Tag Archives: O.J. Mayo

NBA Free Agency: Wolves Reach Out To OJ Mayo, Spurn Andrei Kirilenko

Will OJ Mayo be making treys in 'Sota next season?

Will OJ Mayo be making treys in ‘Sota next season?

Fresh off of the NBA Draft and the subsequent  Shabazz mania, NBA free agency is upon us. Here’s what we know so far:

OJ Mayo

The Wolves have already talked with OJ Mayo’s camp.
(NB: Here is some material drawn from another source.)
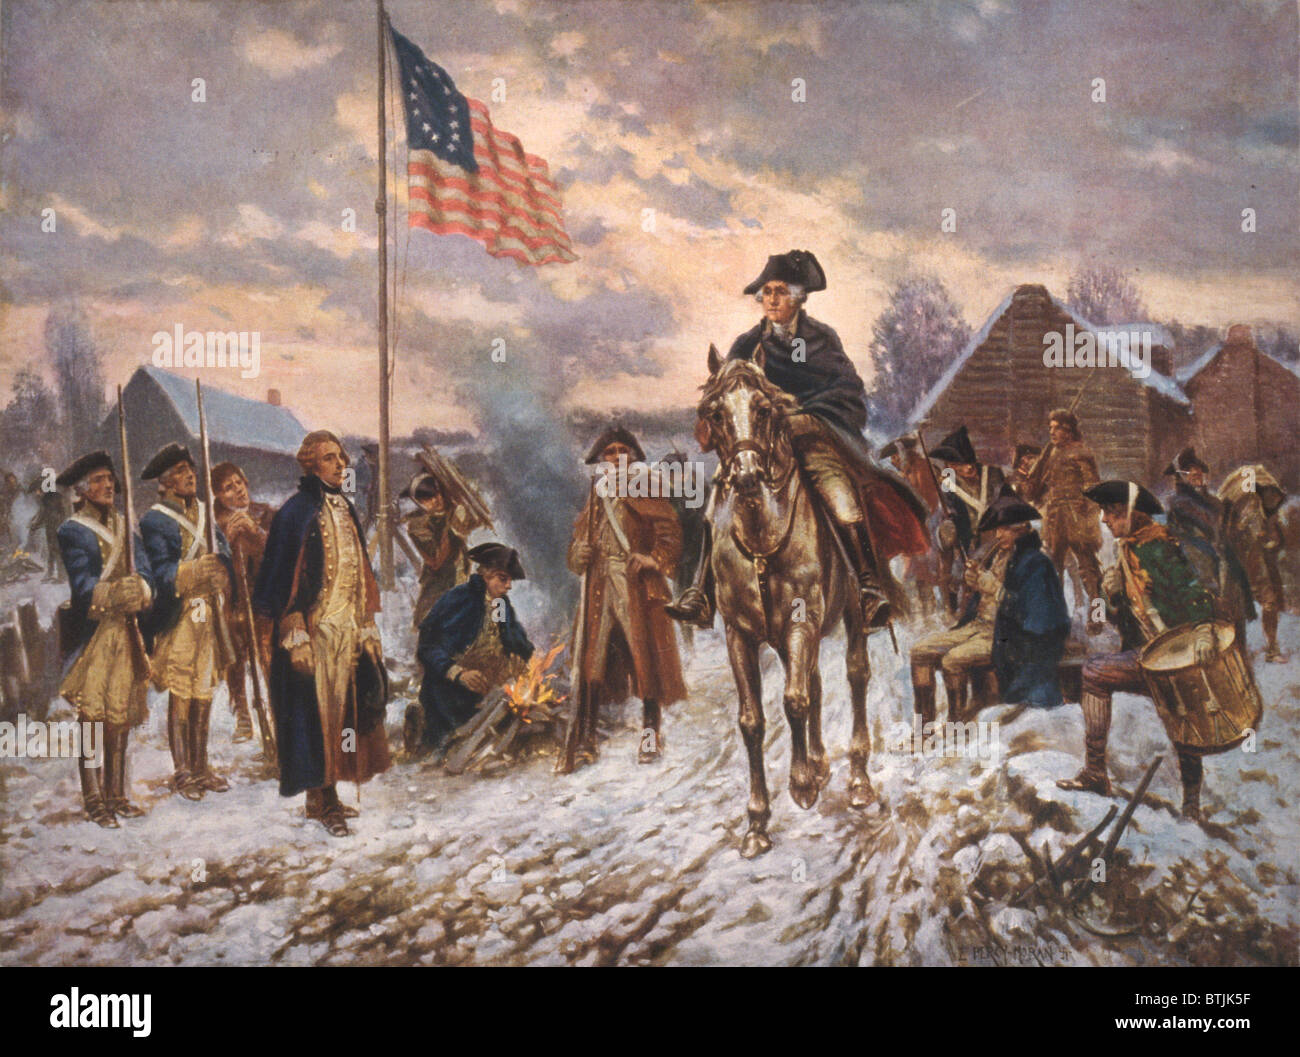 La Révolution américaine, George Washington à Valley Forge, le président George Washington à cheval dans la neige à Valley Forge, par Percy Moran, vers 1911. Banque D'Images
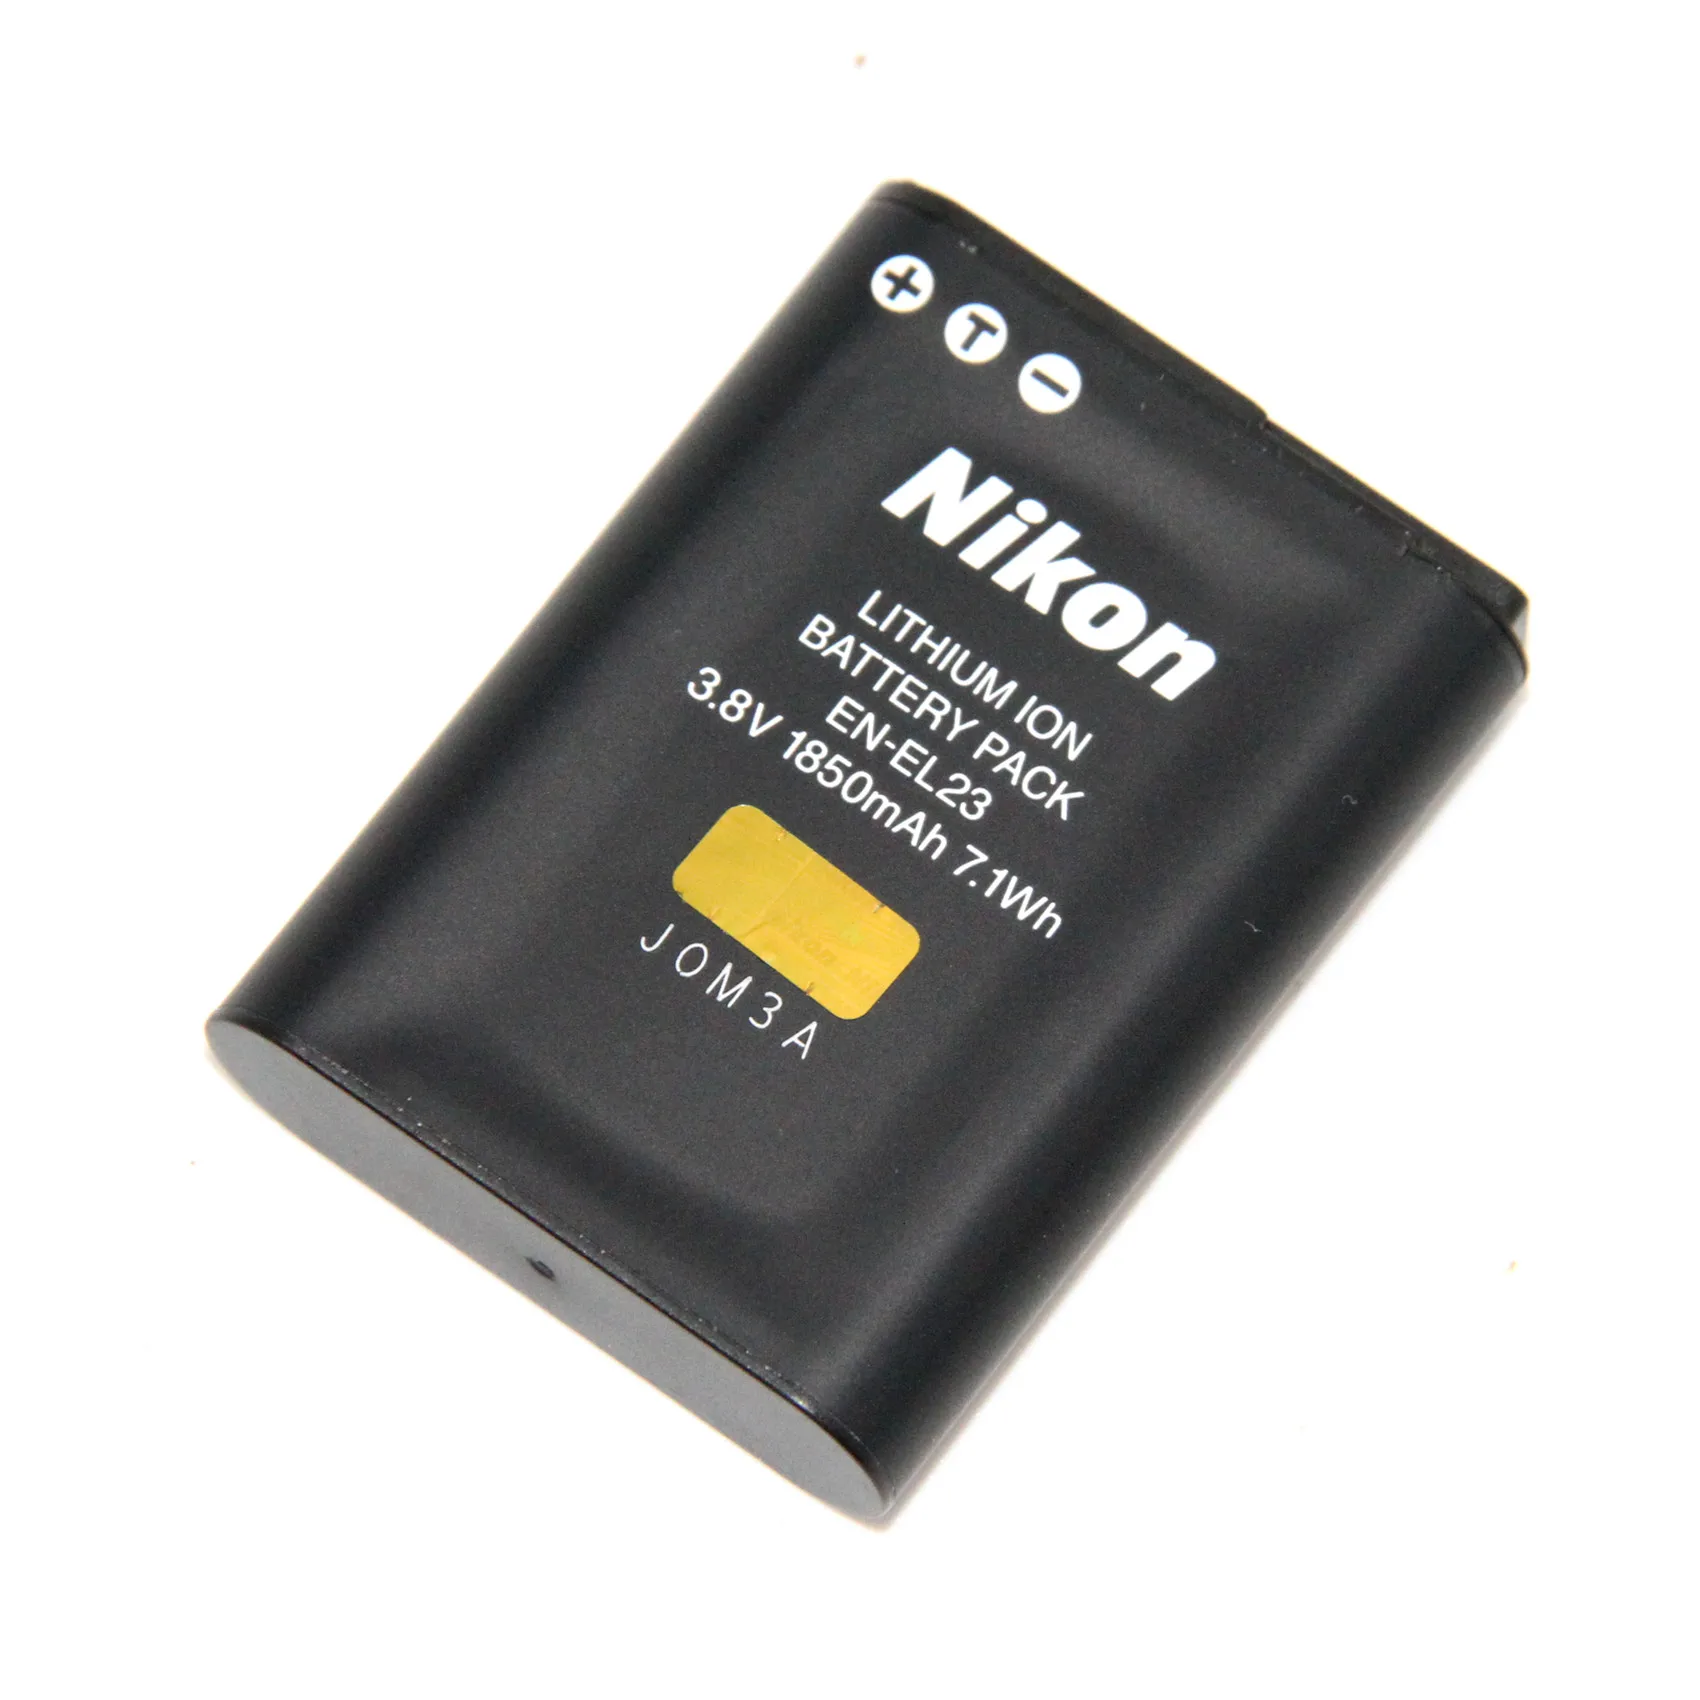 

EN-EL23 EN EL23 3.8V 1850mAh Rechargeable Li-ion Batteries For Nikon COOLPIX S810c P900 P900s P610 P600 B700 Camera Battery

Mayo, in fact was Flip’s first stop in his free-agent shopping.

Reading the tea leaves on stuff like this is never easy, but it appears that at the very least, there may be some “there” there to the earlier RUMINT about Flip & co.’s interest in Mayo. Like it or not, Mayo is a professional, starting-caliber shooting guard who would bring veteran experience to the position that a rookie whose upside might be higher lacks (cough, C.J. McCollum, cough).

Still, given that an unhealthy Brandon Roy played in only five games last season and was replaced the rest of the way by Luke Ridnour and J.J. Barea–point guards masquerading as shooting guards–it’s really tough to project how Mayo or any other traditional SG would fit into Rick’s offense.

Given what else is out there in free agency, I like Mayo the best of a bunch of imperfect possibilities to fill this area of need.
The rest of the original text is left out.